The answer is a firm... DEPENDS.
Not to be evasive, but the entire way a game works is fundamentally influenced by whether or not a game is played online. If a game is "stand alone" and works without a net connection, then you can simply do things that would not be possible in an online environment. Take Morrowind, for example- you could mod the hell out of it, make yourself all-powerful, add weapons, graphics, sounds, dungeons, etc. etc. etc. etc. because it was ONLY YOU playing. if they ever tried putting out a "Morrowind Online", then everythig would have to be "balanced" so that the game is "fair" for everyone.
MMOs, as good as they are, suffer from a HUGE lack of expandable content- unless the developer makes it (and carefully, one might say even almost OBSESSIVELY "balances" everything) then it can't exist in-game. MMOs also get changed all the time, "nerfing" some character classes that are found to be unfairly powerful or that have an exploitabe feature. And let's not forget that the moment a Publisher stops paying their server bills, then you can no longer play, no matter how big a fan you are, so you had better hope that the game's popular.
I dream of the day that someone will publish an MMO with expandable, user-written content. I can imagine walking into a cave, and having a warning flash: "You are leaving the world you know for a user-made instance- please be aware that the rules as you know them as well as the ESRB rating of the content might go by the wayside. Do you want to proceed (Y/N)?". God knows *I'd* play it, seeing as how most of the best content I've ever experienced in a game like Morrowind or Neverwinter Nights was written BY fans FOR fans. I won't hold my breath, however...
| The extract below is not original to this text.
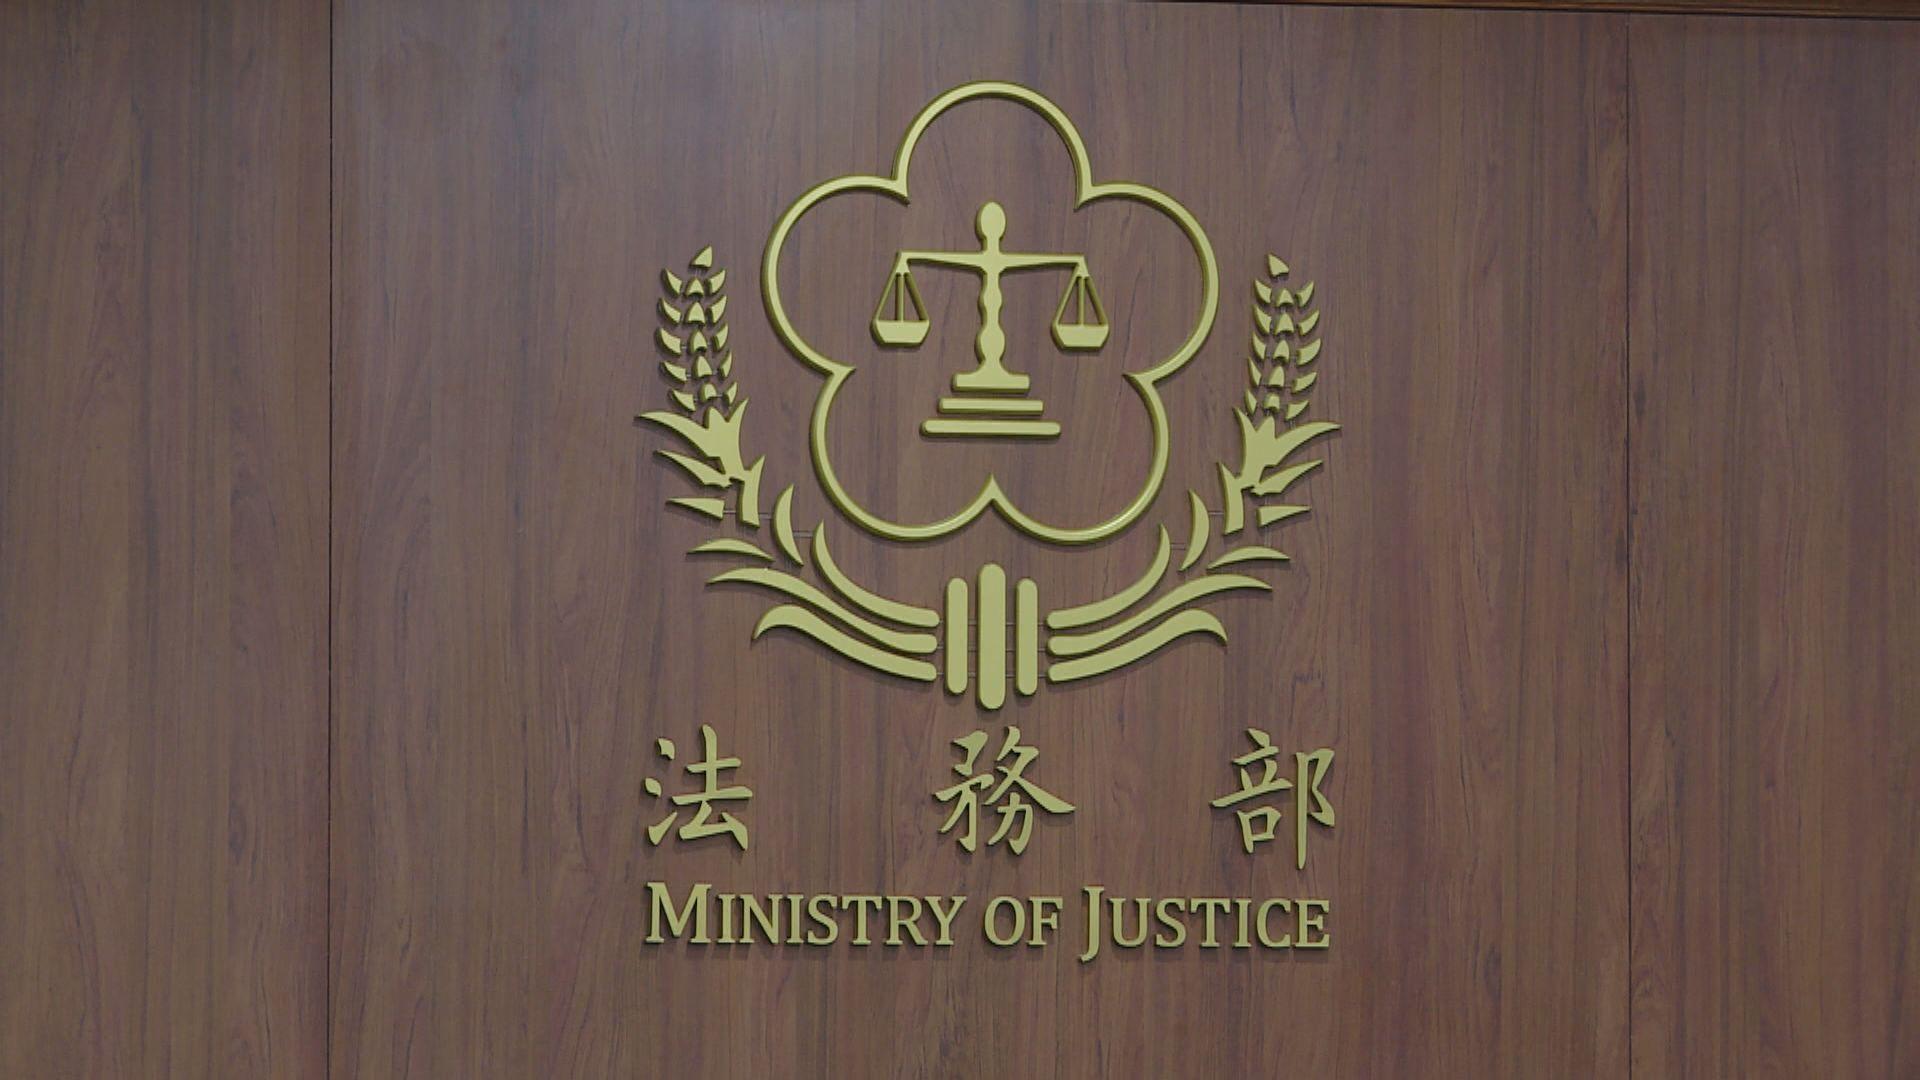 台法務部:對潘母悲痛感同身受 願在對等基礎與港司法互助

A game that *I* thought worked equally well in Single-Player and Multiplayer was the Unreal Tournament series... Botmatch on a stand-alone PC was very challenging and multiplayer was equally fun, but you really never HAD TO do one or the other- it was totally up to you. User-made maps, total conversions and everything else was possible for both audiences, since the game used a client/server model that relied on the users' PCs to run game instances.